Have you heard, Eadwacer? Watchdog!
A wolf has borne our wretched whelp to the woods.
One can easily sever what never was one:
our song together.


TRANSLATOR'S NOTES: In my interpretation of "Wulf and Eadwacer" the speaker is a defiant early feminist, the first #metoo poet of the English language. She is disgusted with her bloodthirsty tribe, who have driven her lover Wulf away. Why? Perhaps they wanted to sacrifice him to the "gods." Perhaps he had broken some tribal law. We simply don't know. But whatever the reason, the speaker says it is ungelic, or "otherwise" with her. She is not like her ferocious, bloodthirsty people. They are alien to her. Rather, she dreams of her lover Wulf and follows him in her hopeful, loving thoughts. But even as she dreams of Wulf, she is being raped by another man, Eadwacer.

It is not clear who Eadwacer is. He may be a priest (Heaven-Watcher), a guardian (Property-Watcher), a family member appointed to "protect" her "purity" (a Watchdog), or perhaps her husband against her will. The speaker defiantly sneers at and insults Eadwacer. He is unable to please her. He is deficient in "meat" compared to Wulf. Wulf has a bigger sex organ and knows how to use it. The speaker mocks her would-be "lover" and "protector." Eadwacer has made her pregnant, but she abhors him. Something terrible has happened to their whelp, or child. Their "song together" will be easily severed, because they were never really one. She waits for Wulf to put an end to Eadwacer, so they can be reunited. When she speaks of Wulf, it is with real love and longing. In my interpretation this is not so much the first English poem about a love triangle, as it is the first English poem about a love/sex triangle.

But please keep in mind that I cannot claim this is the "correct" interpretation of the poem. No one can claim to know exactly what the original poet intended. However, I think my interpretation makes sense. It's the story of many women who have been separated from the men they love by war, religion and/or chauvinism. There are other interpretations in which the woman is not being raped, but simply prefers Wulf to the man who is embracing her. These alternate interpretations will be discussed later on this page.

Also, please note that I call my translations "loose translations" and "interpretations" because they are not literal word-for-word translations.
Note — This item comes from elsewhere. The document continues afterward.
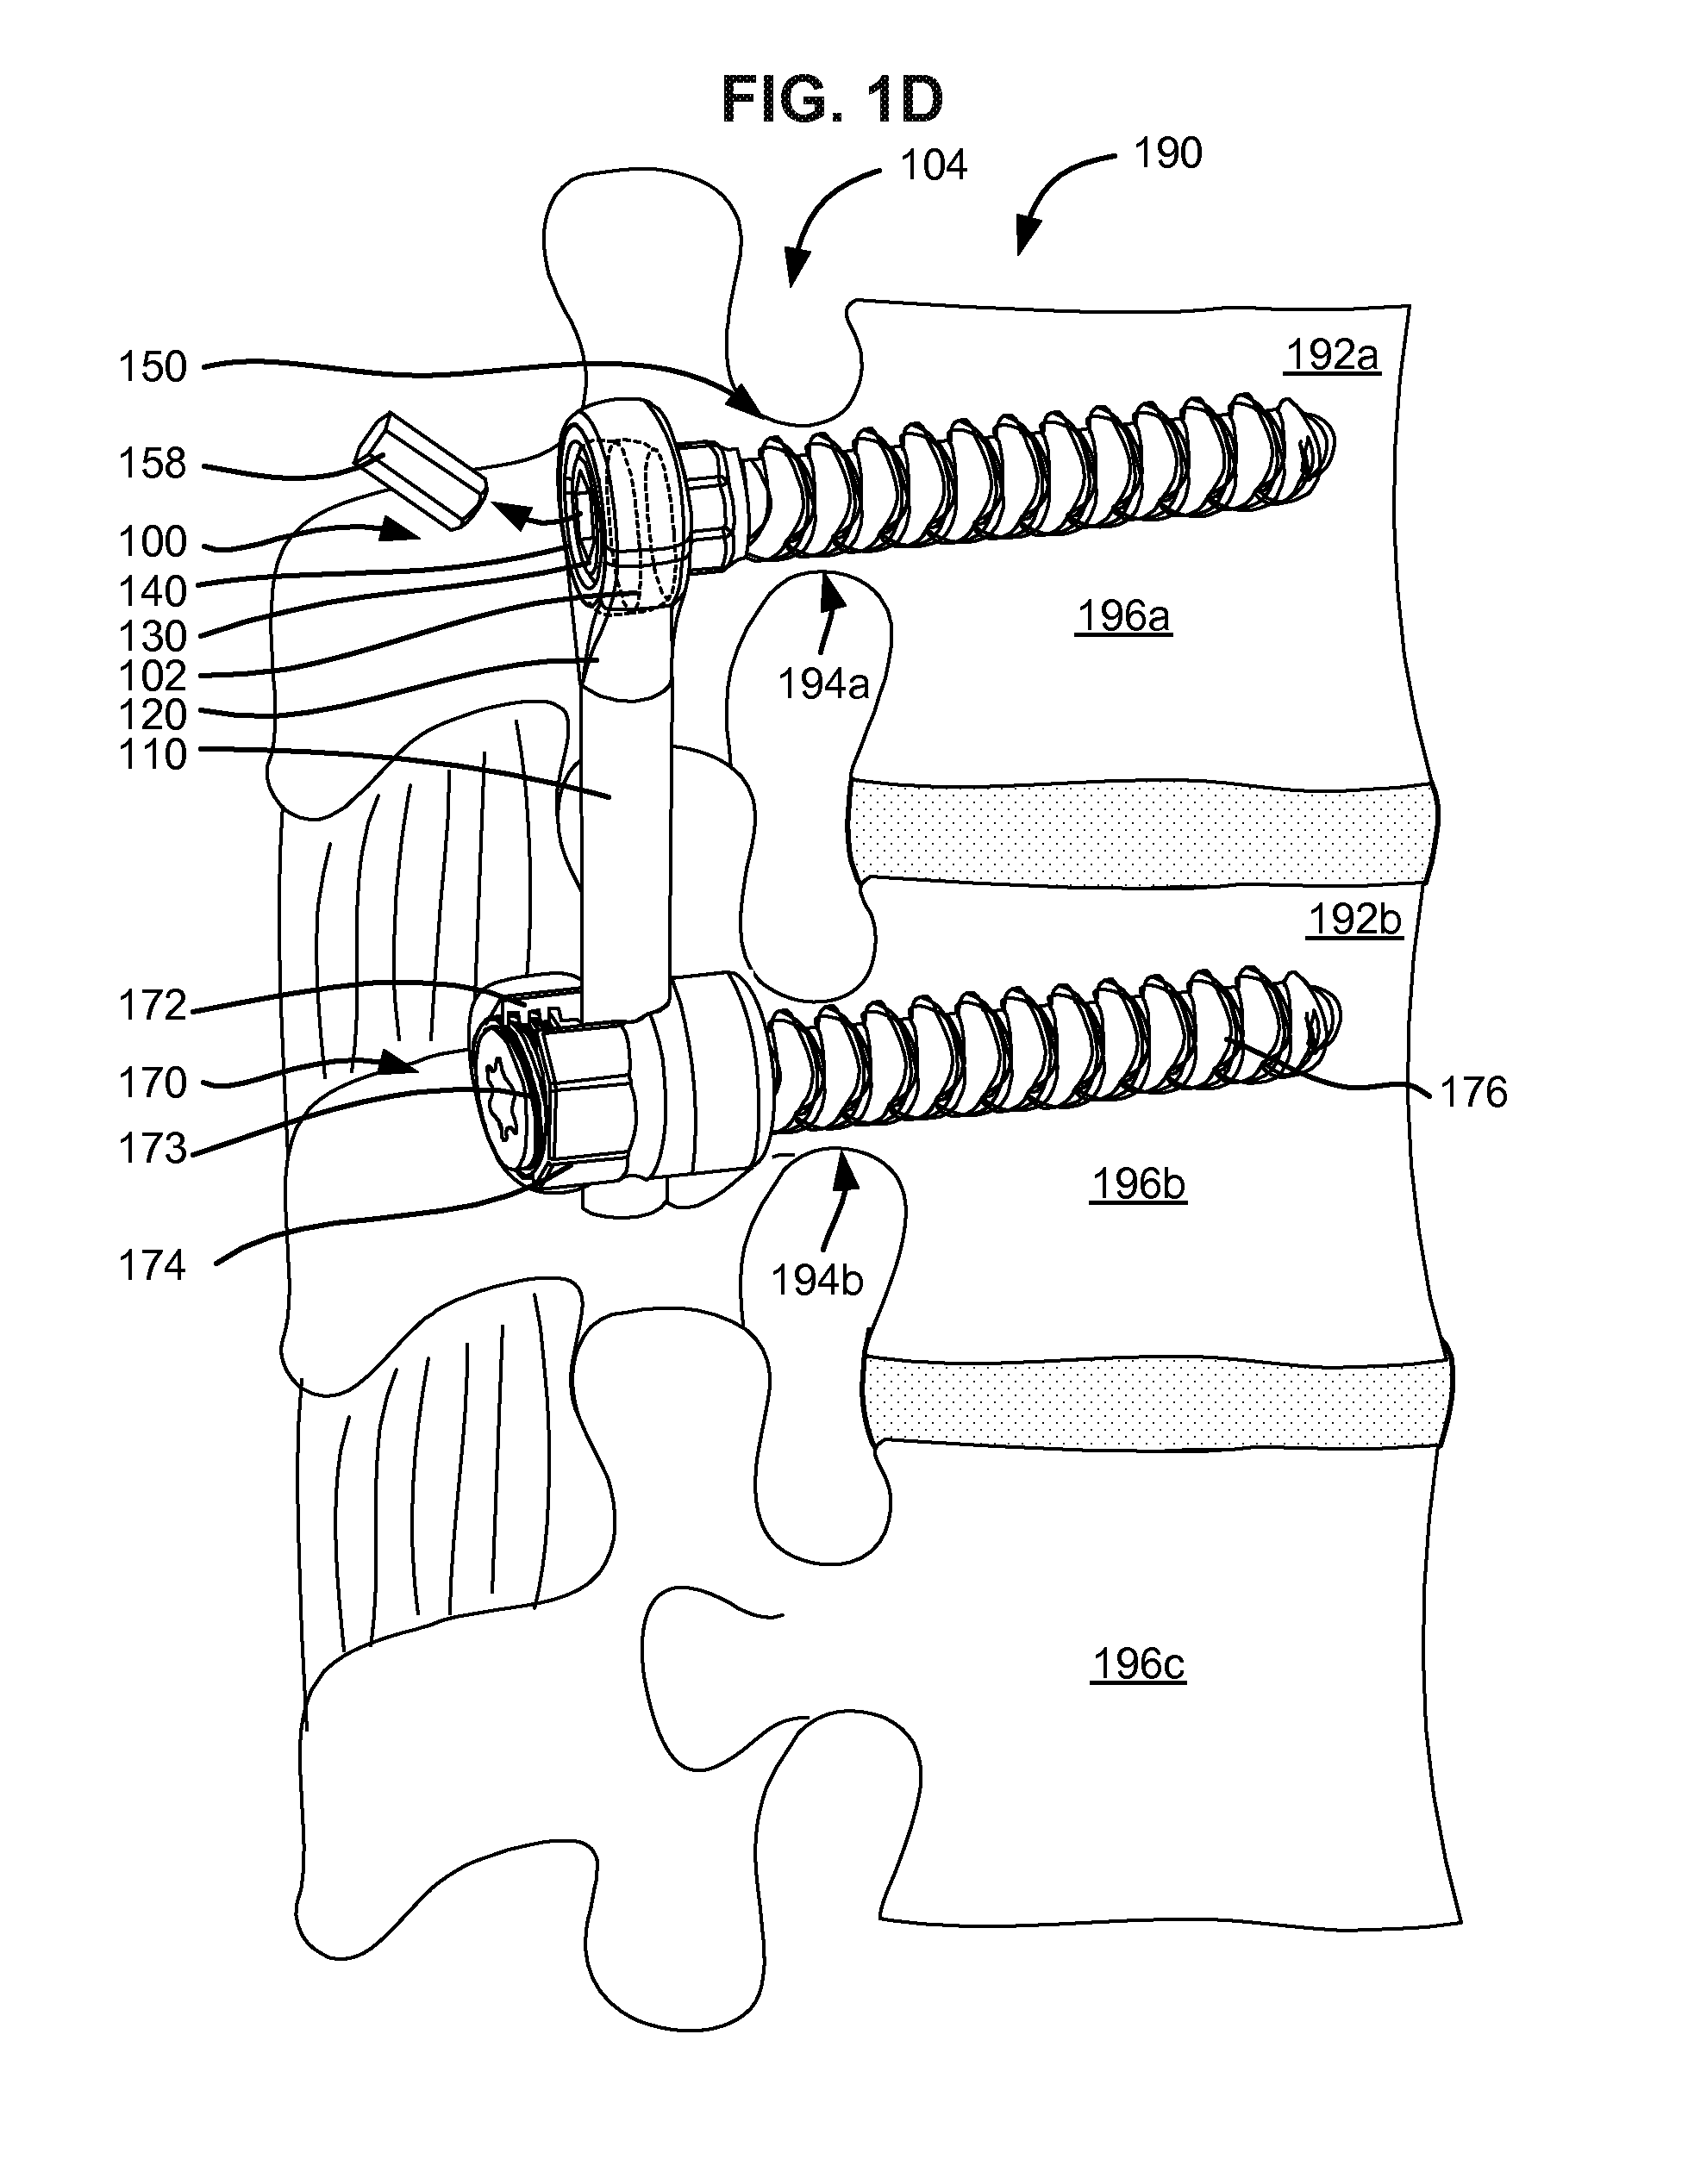 Adaptive spinal rod and methods for stabilization of the spine

I begin with my personal interpretation of a poem and translate accordingly. To critics who object to variations from the original texts, my response is that there are often substantial disagreements among even the most accomplished translators. Variations begin with the readings because different people get different things from different poems. And a strict word-for-word translation will seldom, if ever, result in poetry. In my opinion translation is much closer to an art than a perfect science and I side with Rabindranath Tagore, who said he needed some leeway in order to produce poetry in another language when he translated his own poems into English.—MRB



Background


"Wulf and Eadwacer" has been classified as an elegy, a lament, a lover's lament, an early ballad or villanelle, a riddle, a charm, and as a frauenlieder or "woman's song." An ancient Anglo-Saxon work written in the West Saxon dialect, the poem dates back to a time when the English language still resembled German (the Angles, from whom England derives its name, were a Germanic tribe, as were the Saxons and Jutes). Around 75% of the poem's words have Germanic origins. Old English poetry is also called Anglo-Saxon poetry because it has linguistic roots that go back to the Angles and Saxons. And yet, while the poem was composed in Old English, it still "feels" quite modern. How is that so? For one thing, it's a dramatic monologue―quite possibly the first dramatic monologue in the English language, centuries before the works of poets and playwrights like Geoffrey Chaucer, Christopher Marlowe, William Shakespeare, John Milton, Alfred Tennyson and Robert Browning. It's also one of the first English poems with a refrain, along with "Deor's Lament." Furthermore, the speaker of "Wulf and Eadwacer" is a woman, at a time when we don't find other Englishwomen writing poetry or speaking so bitterly and defiantly (the "Wife's Lament" is the other dazzling exception to this general rule). Thus "Wulf and Eadwacer" may be the first feminist text in the English language. Is the speaker female? I think so. Henk Aertsen has argued that the feminine endings of reotugu and seoce are female. But grammar aside, it seems obvious that a woman is speaking. And technically the poem looks like free verse―nearly a thousand years before Walt Whitman and five hundred years before the King James Bible―because it "breaks the rules" of the poetry of its day. In my opinion, "Wulf and Eadwacer" is a groundbreaking poem because it has a female perspective, a feminist attitude, and a free verse approach in which traditional rules of versification are bent or broken. What matters, as with the great Romantic and Modernist poets to come many centuries later, is that the speaker gets her point across. And she does, in spades.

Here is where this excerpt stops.